I am stumped by this one. I am just learning regular expressions and cannot figure out why this will not return punctuation marks.

here is a piece of the text file the regex is parsing:

APRIL/NNP is/VBZ the/DT cruellest/JJ month/NN ,/, breeding/VBG Lilacs/NNP out/RB of/IN the/DT dead/JJ land/NN

text = open_file.read()

grammarList = raw_input("Enter your grammar string: ");
tags = grammarList.split("^")


tags_pattern = r'\s+'.join(r"([\w\,\:\;\"\-\.]+)/{0}".format(re.escape(tag)) for tag in tags) + r"\b"
print tags_pattern

from re import findall
start_position = 0

for poem in poemList:
    start_position = text.find('<' + poem + '>', start_position)
    end_position = text.find('</' + poem + '>', start_position)
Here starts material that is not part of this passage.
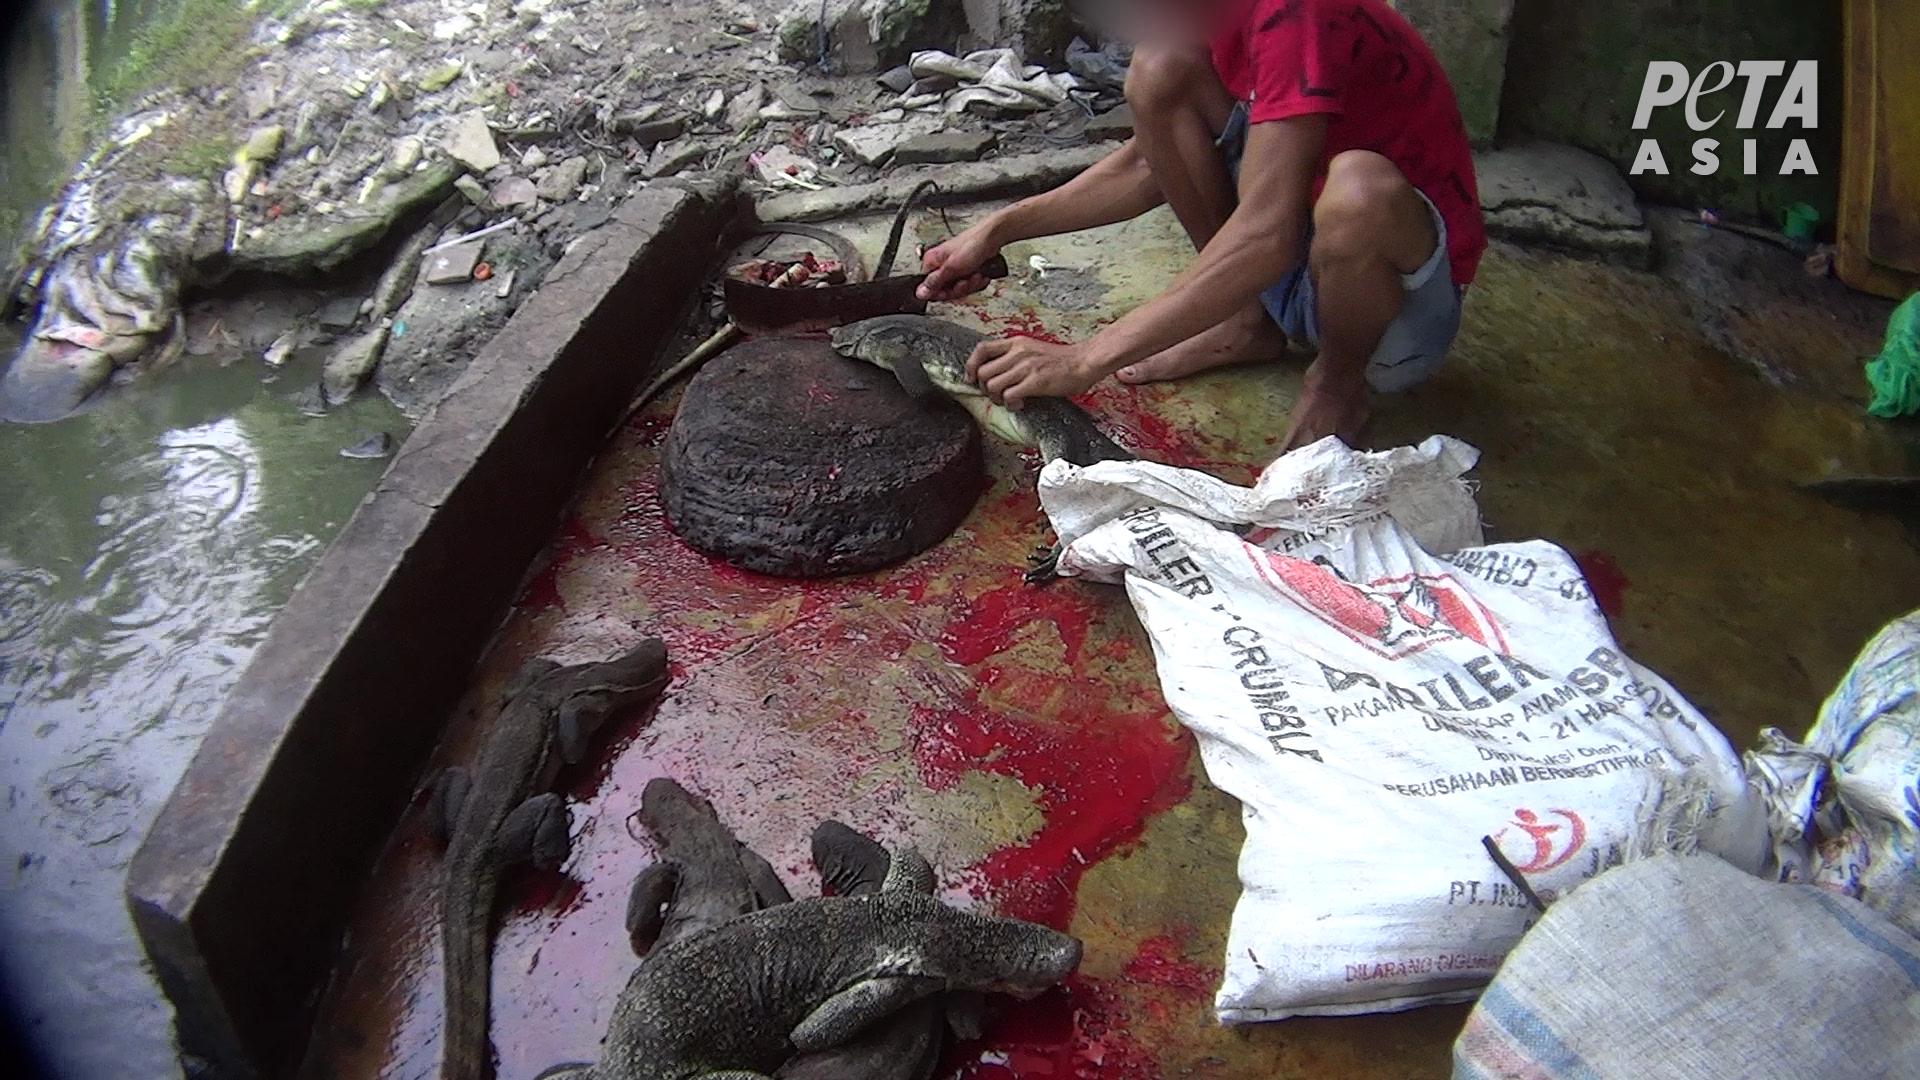 Live Lizards Tossed Around and Hit With Machetes.

    searchtext = text [start_position:end_position]
    poemname = poem
    for oldname, newname in poemtitleswapList.items():
        poemname = poemname.replace(oldname, newname)

    print (poemname)
    print (findall(tags_pattern, searchtext))
    print ("\n")  

I thought that in the square brackets the "\," would allow it to return a "," but it is not working.

Any help would be appreciated.

English Grad
  • 1,365
  • 5
  • 21
  • 40
  • 3
    Could you produce a complete, runnable example that would demonstrate the problem you're having? – NPE Feb 08 '12 at 14:51
  • No, this is still not a complete runnable example. Also, you seem to parse XML/HTMl with regexes, this is very wrong. – wRAR Feb 08 '12 at 14:54
  • I am not sure what I need to put up. This program references a 40mb text file and the arrays like poemList are huge. You want the whole program? – English Grad Feb 08 '12 at 14:56
  • If you cannot ask a question properly and cannot even give us an example that we can test you will not get an answer. – wRAR Feb 08 '12 at 14:57
  • I am not parsing XML with regex. I put a tag in the text file that is not xml so I can return the name of the poem in the giant file that the matches are from. That part works fine. I cannot get any matches with punctuation. – English Grad Feb 08 '12 at 14:57
  • If you can provide a string and a regex that doesn't match it, do it. If you cannot, we cannot help you. – wRAR Feb 08 '12 at 14:59
  • The input I am trying to find is NNP^VBZ^DT^JJ^NN^, which in the example at the top should return: "APRIL is the cruellest month ," but i do not get any matches. The regex I am using is in the code. – English Grad Feb 08 '12 at 15:01
  • No, your regex doesn't exist in the code. It is created at run time from some data unavailable to us. – wRAR Feb 08 '12 at 15:05
  • ([\w\,\:\;\'\-\.]+)/NNP\s+([\w\,\:\;\'\-\.]+)/VBZ\s+([\w\,\:\;\'\-\.]+)/DT\s+([\w\,\:\;\'\-\.]+)/JJ\s+([\w\,\:\;\'\-\.]+)/NN\s+([\w\,\:\;\'\-\.]+)/\,\b – English Grad Feb 08 '12 at 15:10
  • 3
    And, I ask questions to try and learn. I don't understand why your responses are so aggressive. Ok, you win, I don't know how to ask you questions properly. The polite response would be to tell me how to ask a question properly. Instead its five snooty comments on how you can't help me with what I have given you. Well then don't help. Saying things like "this is very wrong", when I am not even dealing with XML is just pompous without even offering a suggestion. How is that helpful? Everyone on here has always be very nice until now. What is your deal? – English Grad Feb 08 '12 at 15:15
  • You had your directions in the first comment. Next comments were needed because you didn't provide what you were asked in the first comment. – wRAR Feb 08 '12 at 15:20
  • Btw, in http://stackoverflow.com/questions/9143406 you have accepted answer telling you to parse NLTK data with NLTK library, yet you ask how to parse it manually. – wRAR Feb 08 '12 at 15:36

1 Answers1

0

After minimizing your example we have:

re.findall(r"/\,\b", "/NN ,/, breeding/VBG Lilacs/NNP out/RB of/IN the/DT dead/JJ land/NN")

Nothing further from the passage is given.